Let’s use a simple example to demonstrate how the aggregation helper works. Suppose I am using MongoDB to store my employee’s travel expenses. I’ve created a collection named expenses, which store individual expenses by employee and by department. Here’s a sample document:

{  "_id" : ObjectId("503d5024ff9038cdbfcc9da4"),
   "employee" : 61,
   "department" : "Sales",
   "amount" : 77,
   "type" : "airfare"

I am auditing three departments: Sales, Engineering and Human Resources. I want to calculate each department’s average spend on airfare. I’d like to use the Aggregation Framework for the audit, so I think of the operation in terms of a pipeline:

  1. Operation: Match documents where type = "airfare"; then pipe into
  2. Operation: Pass only the department and the amount fields through the pipeline; then pipe into
  3. Operation: Average the expense amount, grouped by department.

I will use the aggregation operators $match, $project and $group to perform each operation.

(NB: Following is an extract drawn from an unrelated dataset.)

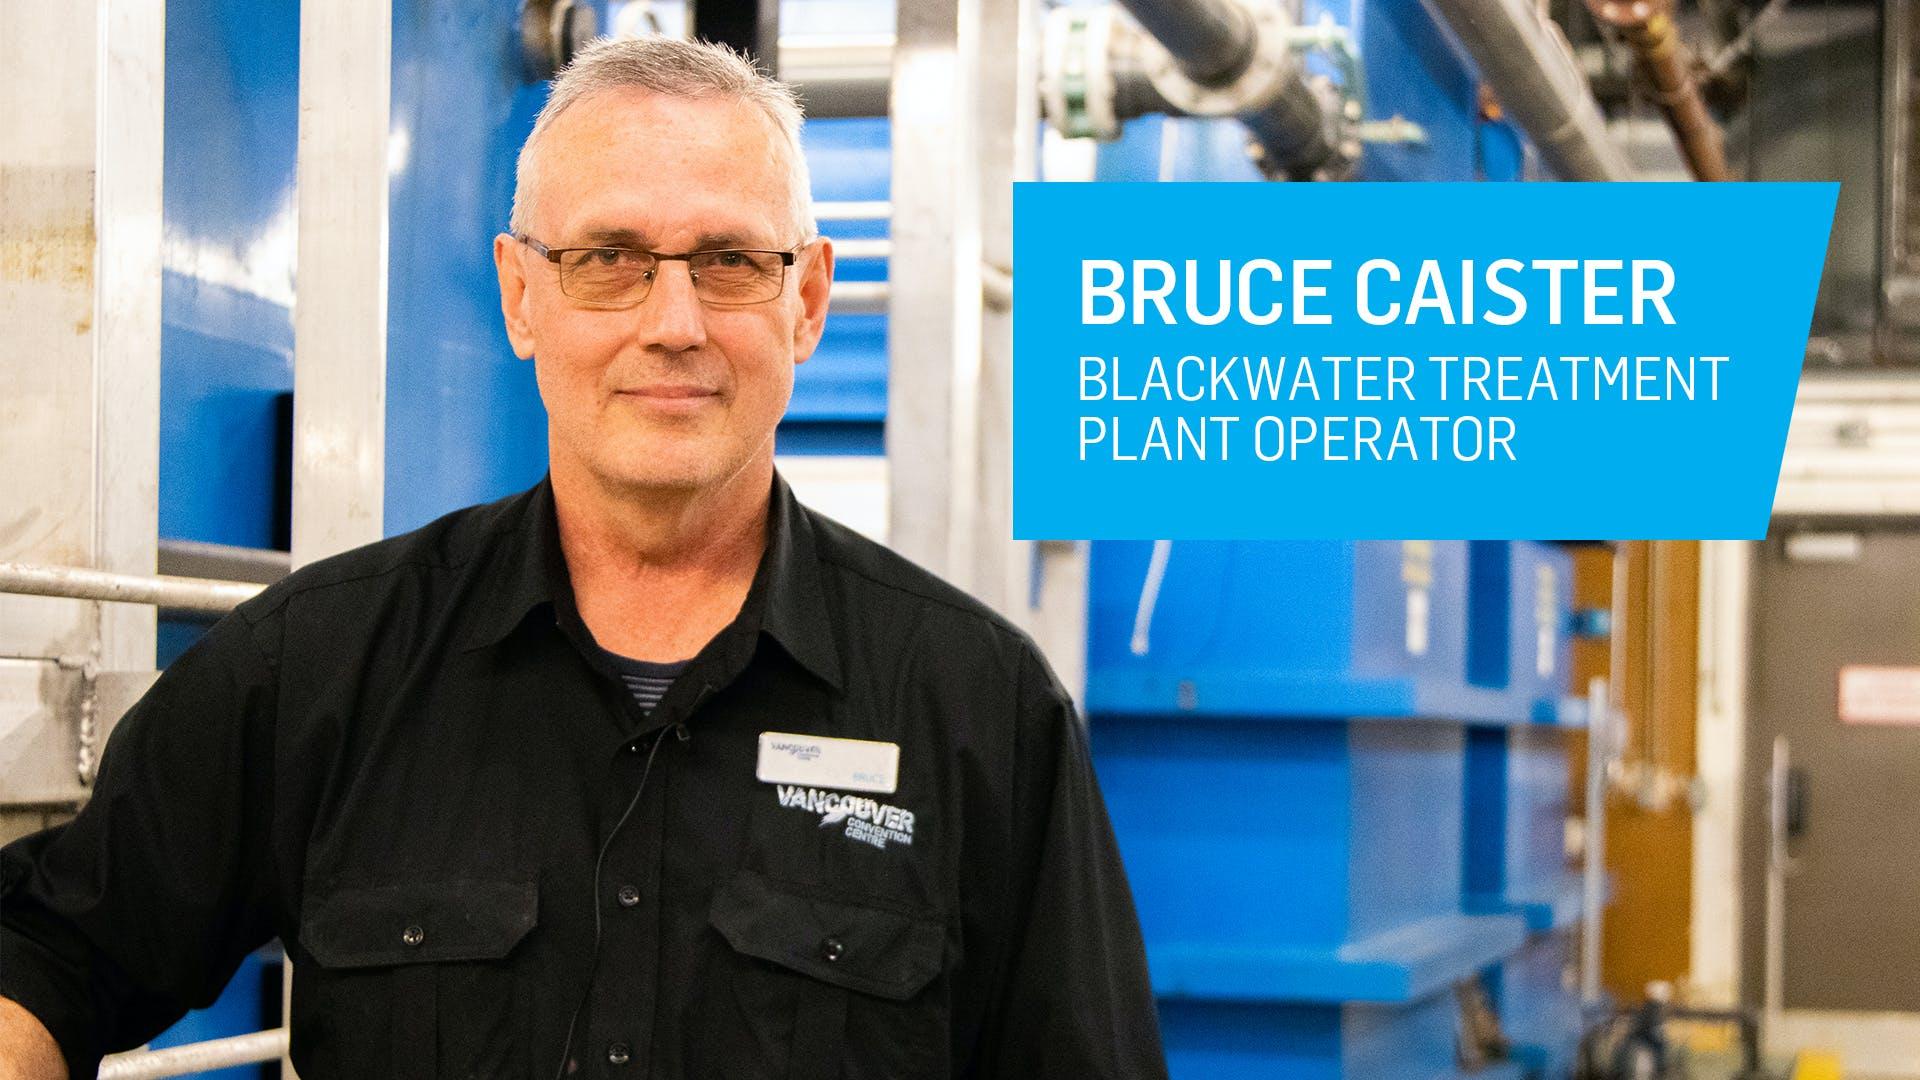 Bruce Caister: Blackwater Treatment Operator

Individual aggregation operations can be expressed as JSON objects, so I can think of my pipeline in JSON as:

  1. First operation:

    $match: { type: "airfare"}
  2. Piped into:

    $project: { department: 1, amount: 1 }
  3. Piped into:

    $group: { _id: "$department",
              average: { $avg: "$amount" } }

I use the Java Driver’s aggregation helper to build out this pipeline in my application. Let’s take a look at the aggregate() method signature.

public AggregationOutput aggregate( DBObject firstOp, DBObject ... additionalOps)

The aggregate() method uses Java varargs and accepts arbitrary number of DBObjects as parameters. These DBObjects represent aggregation operations, which will be chained together by the helper method to form the aggregation pipeline. Callers of the aggregate() method must pass at least one aggregation operation. Here’s the Java code we’ll use to perform the aggregation task:

// create our pipeline operations, first with the $match
DBObject match = new BasicDBObject("$match", new BasicDBObject("type", "airfare") );

// build the $projection operation
DBObject fields = new BasicDBObject("department", 1);
fields.put("amount", 1);
fields.put("_id", 0);
DBObject project = new BasicDBObject("$project", fields );

// Now the $group operation
DBObject groupFields = new BasicDBObject( "_id", "$department");
groupFields.put("average", new BasicDBObject( "$avg", "$amount"));
DBObject group = new BasicDBObject("$group", groupFields);

// run aggregation
AggregationOutput output = collection.aggregate( match, project, group );

Aggregations are executed as database commands in MongoDB. These commands embed the results of the aggregation task in an object that also contains additional information about how the command was executed. The return value of aggregate() is an instance of the AggregationOutput class, which provides assessors to this information.

public Iterable<DBObject> results()
public CommandResult getCommandResult
public DBObject getCommand()

Let’s take a look at the results of my audit:

   "serverUsed" : "/" ,
   "result" : [
      {"_id" : "Human Resources" , "average" : 74.91735537190083} ,
      {"_id" : "Sales" , "average" : 72.30275229357798} ,
      {"_id" : "Engineering" , "average" : 74.1}
   ] ,
   "ok" : 1.0